Blind people will even gesture when talking to other blind people, and sighted people will gesture when speaking on the phone - so we know that people don’t only gesture when they speak to someone who can see their gestures.
Earlier this year a new paper came out that adds to this story. Şeyda Özçalışkan, Ché Lucero and Susan Goldin-Meadow looked at the gestures of blind speakers of Turkish and English, to see if the *way* they gestured was different to sighted speakers of those languages. Some of the sighted speakers were blindfolded and others left able to see their conversation partner.
Turkish and English were chosen, because it has already been established that speakers of those languages consistently gesture differently when talking about videos of items moving. English speakers will be more likely to show the manner (e.g. ‘rolling’ or bouncing’) and trajectory (e.g. ‘left to right’, ‘downwards’) together in one gesture, and Turkish speakers will show these features as two separate gestures. This reflects the fact that English ‘roll down’ is one verbal clause, while in Turkish the equivalent would be yuvarlanarak iniyor, which translates as two verbs ‘rolling descending’.
Since we know that blind people do gesture, Özçalışkan’s team wanted to figure out if they gestured like other speakers of their language. Did the blind Turkish speakers separate the manner and trajectory of their gestures like their verbs? Did English speakers combine them? Of course, the standard methodology of showing videos wouldn’t work with blind participants, so the researchers built three dimensional models of events for people to feel before they discussed them.

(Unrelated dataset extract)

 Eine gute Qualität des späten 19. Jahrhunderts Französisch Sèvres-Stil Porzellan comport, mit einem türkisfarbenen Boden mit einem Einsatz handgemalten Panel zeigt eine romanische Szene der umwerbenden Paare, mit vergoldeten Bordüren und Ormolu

The results showed that blind Turkish speakers gesture like their sighted counterparts, and the same for English speakers. All Turkish speakers gestured significantly differently from all English speakers, regardless of sightedness. This means that these particular gestural patterns are something that’s deeply linked to the grammatical properties of a language, and not something that we learn from looking at other speakers.
References
Jana M. Iverson & Susan Goldin-Meadow. 1998. Why people gesture when they speak. Nature, 396(6708), 228-228.
Şeyda Özçalışkan, Ché Lucero and Susan Goldin-Meadow. 2016. Is Seeing Gesture Necessary to Gesture Like a Native Speaker? Psychological Science 27(5) 737–747.
Asli Ozyurek & Sotaro Kita. 1999. Expressing manner and path in English and Turkish: Differences in speech, gesture, and conceptualization. In Twenty-first Annual Conference of the Cognitive Science Society (pp. 507-512). Erlbaum.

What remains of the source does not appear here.